Se aprovado, o pacote do veneno que tramita no Senado pode liberar a aplicação de novos agrotóxicos no Brasil em larga escala. O PL (Projeto de Lei) 1.459/2022, defendido pelo lobby ruralista no Congresso, centralizaria apenas no Mapa (Ministério da Agricultura Pecuária e Abastecimento) a decisão pela liberação de novas substâncias.
Hoje, a liberação de agrotóxicos passa também pelo crivo do Ibama (Instituto Brasileiro do Meio Ambiente e dos Recursos Naturais Renováveis) e da Anvisa (Agência Nacional de Vigilância Sanitária), que passariam a ser órgãos apenas consultivos.
Um estudo realizado pela professora aposentada Sonia Hess, da Universidade Federal de Santa Catarina (UFSC), mostra que os agrotóxicos cancerígenos e desreguladores endócrinos estão entre os mais vendidos no Brasil em 2020 e 2021. Engenheira química especialista no tema, ela partiu de dados dos relatórios de comercialização desses produtos referentes a 20 de março passado, fornecidos pelo Ibama.
Em dezembro do ano passado, a Comissão de Agricultura e Reforma Agrária do Senado já havia aprovado o PL que facilita a autorização de agrotóxicos. O colegiado também havia aprovado pedido para que o projeto fosse analisado com urgência pelo plenário da Casa. O texto passa agora por nova análise do Senado, após ter sido aprovado pela Câmara dos Deputados em fevereiro do ano passado.
Segundo levantamento do observatório “De olho nos ruralistas”, durante a gestão do ex-presidente Jair Bolsonaro, as multinacionais fizeram lobby para forçar o governo a flexibilizar regras para autorização de agrotóxicos.
Ruralistas reclamam que o trâmite de hoje é longo. Mas 2.182 novos agrotóxicos foram autorizados durante a gestão Bolsonaro, o maior número de registros em um mandato desde 2003.
Ambientalistas alertam que pacote do veneno libera produtos com substâncias cancerígenas, com graves riscos à saúde
De seu lado, ambientalistas criticam que o PL acaba com o veto a produtos que contenham substâncias cancerígenas. Caso a lei seja aprovada, essas substâncias seriam passíveis de autorização desde que não haja “risco inaceitável”.
“Se já foram 2 mil autorizações em quatro anos, com a atual política de aprovação, imagina modificando isso”, disse Tatiana da Silva Pereira, bióloga e ecotoxicologista da Universidade Federal do Pará (UFPA), ao jornal O Globo. “O que vejo como os maiores problemas são a centralização da liberação no Mapa, dando à Anvisa e ao Ibama apenas caráter consultivo, além da aprovação automática de um produto caso a análise ultrapasse o período de dois anos”, completou.
Pela lei atual, um novo agrotóxico só é liberado para comercialização e aplicação no Brasil após pedidos independentes feitos pela empresa à Anvisa, Ibama e Mapa. Cada órgão analisa separadamente de acordo com seu campo de competência. Porém, o novo texto diz que esses órgãos continuam com responsabilidade, mas não teriam mais poder decisório, pois a decisão final seria apenas do Mapa.

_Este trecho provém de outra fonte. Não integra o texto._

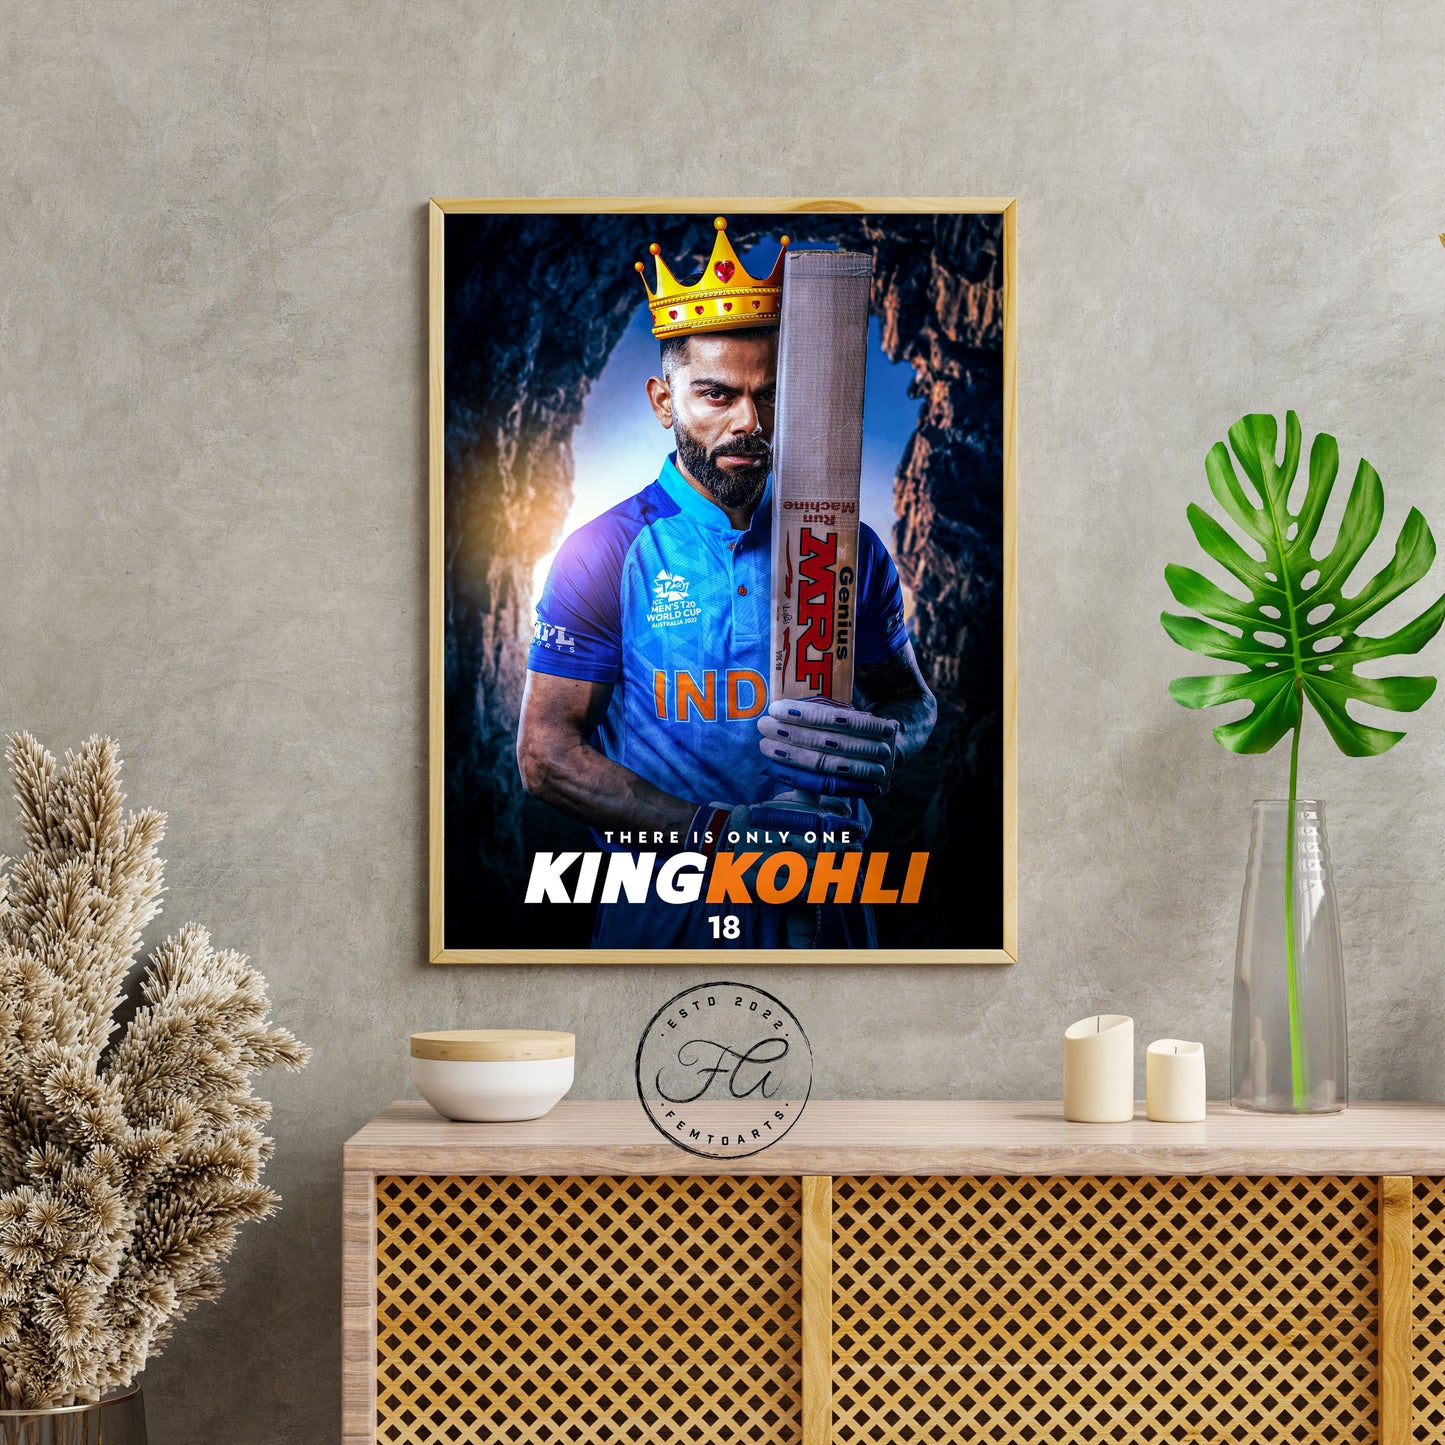 There is only one King Kohli

O PL também traz outros gatilhos que aceleram a autorização de agrotóxicos, como a liberação automática após dois anos de análise; a liberação de pesticidas para uso próprio em determinadas situações; e a permissão de um registro temporário desde que as substâncias sejam vendidas em pelo menos três países membros da OCDE (Organização para Cooperação e Desenvolvimento Econômico).

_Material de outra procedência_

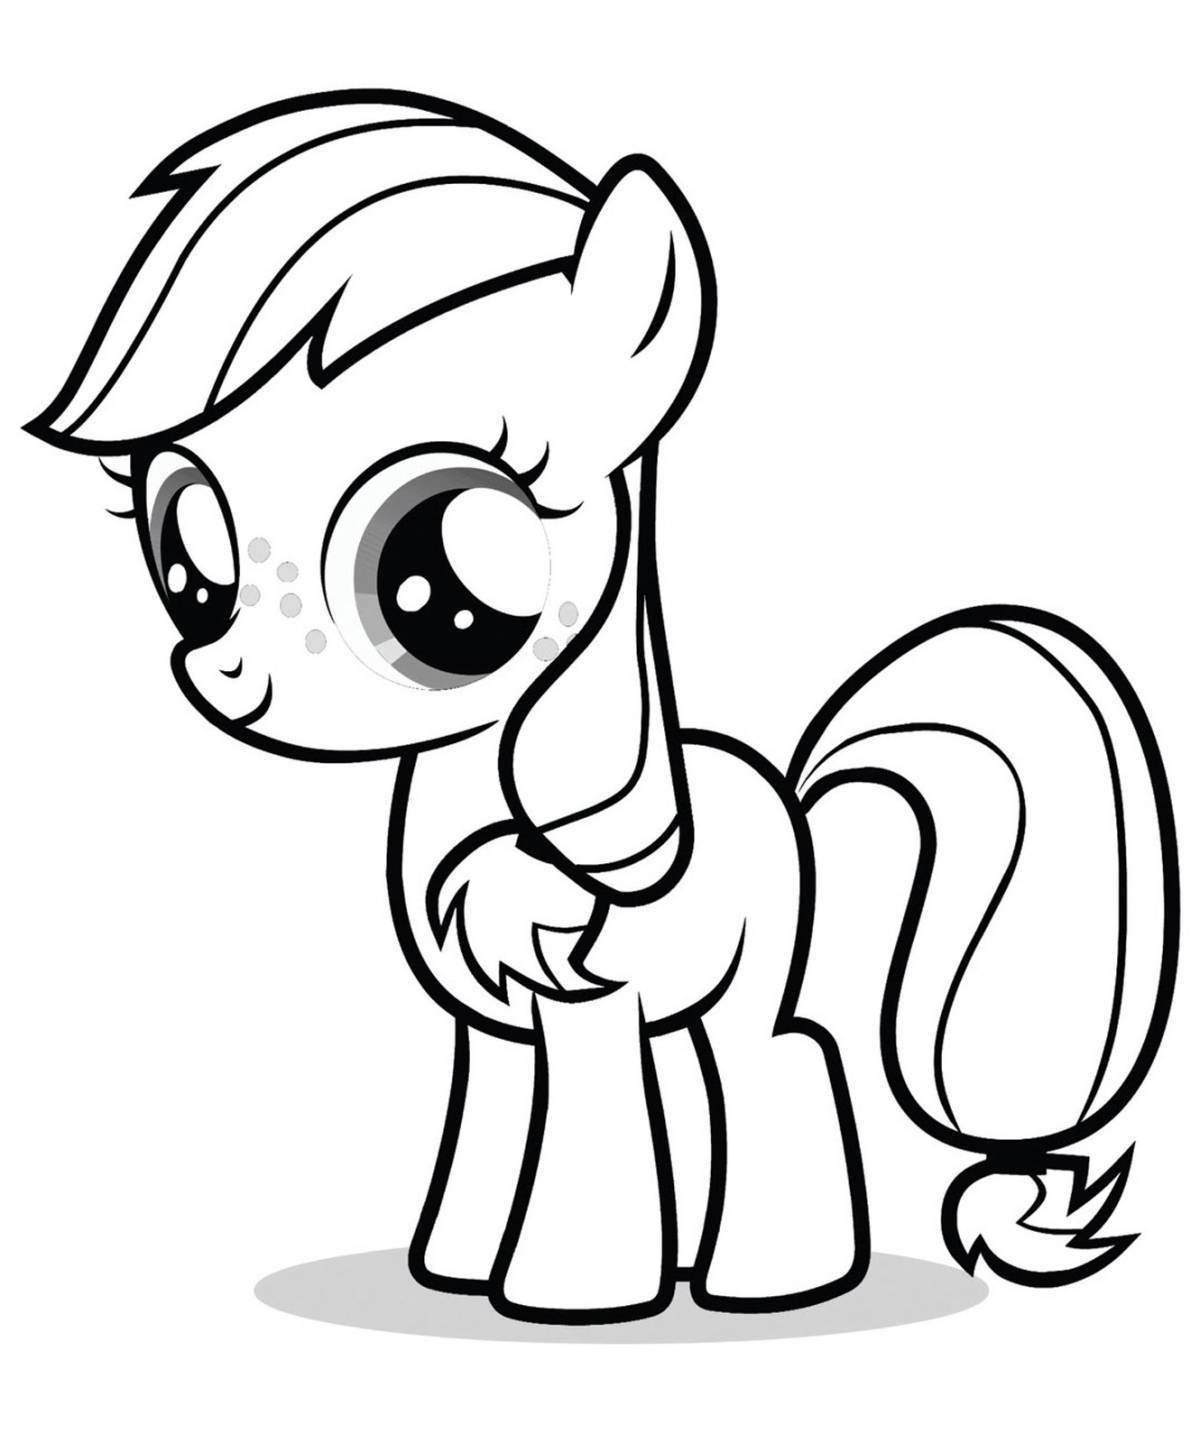 Outstanding pony coloring page for kids

Para Marina Lacôrte, porta-voz de Agricultura do Greenpeace Brasil, o “texto não tem solução”. “Os artigos mais críticos são justamente os que a bancada ruralista mais quer. Permitir substância cancerígena vai aumentar a quantidade de produtos à venda, então é do interesse deles. Mesmo que a gente suprima alguns pontos, não vai adiantar, porque não tem como voltar a ser o original, o projeto já foi alterado e reconfigurado, está revogando toda uma lei”, disse ao O Globo.
O projeto foi criado em 1999, pelo então senador Blairo Maggi. O texto passou pela Comissão da Agricultura e agora está na Comissão do Meio Ambiente do Senado, com relatoria do senador governista Fabiano Contarato (PT), que prometeu um texto “equilibrado”.
O ministro da Agricultura, Carlos Fávaro, defensor do projeto, reuniu-se na terça-feira passada (30) com o presidente do Senado, Rodrigo Pacheco (PSD). Após o encontro, ele disse que “excessos” acrescentados ao texto seriam ajustados e prometeu uma “análise técnica muito rigorosa”.
“Princípio básico: ninguém é a favor de produtos cancerígenos, ninguém é a favor da continuidade de produtos que afetem gravemente o meio ambiente”, afirmou após o encontro.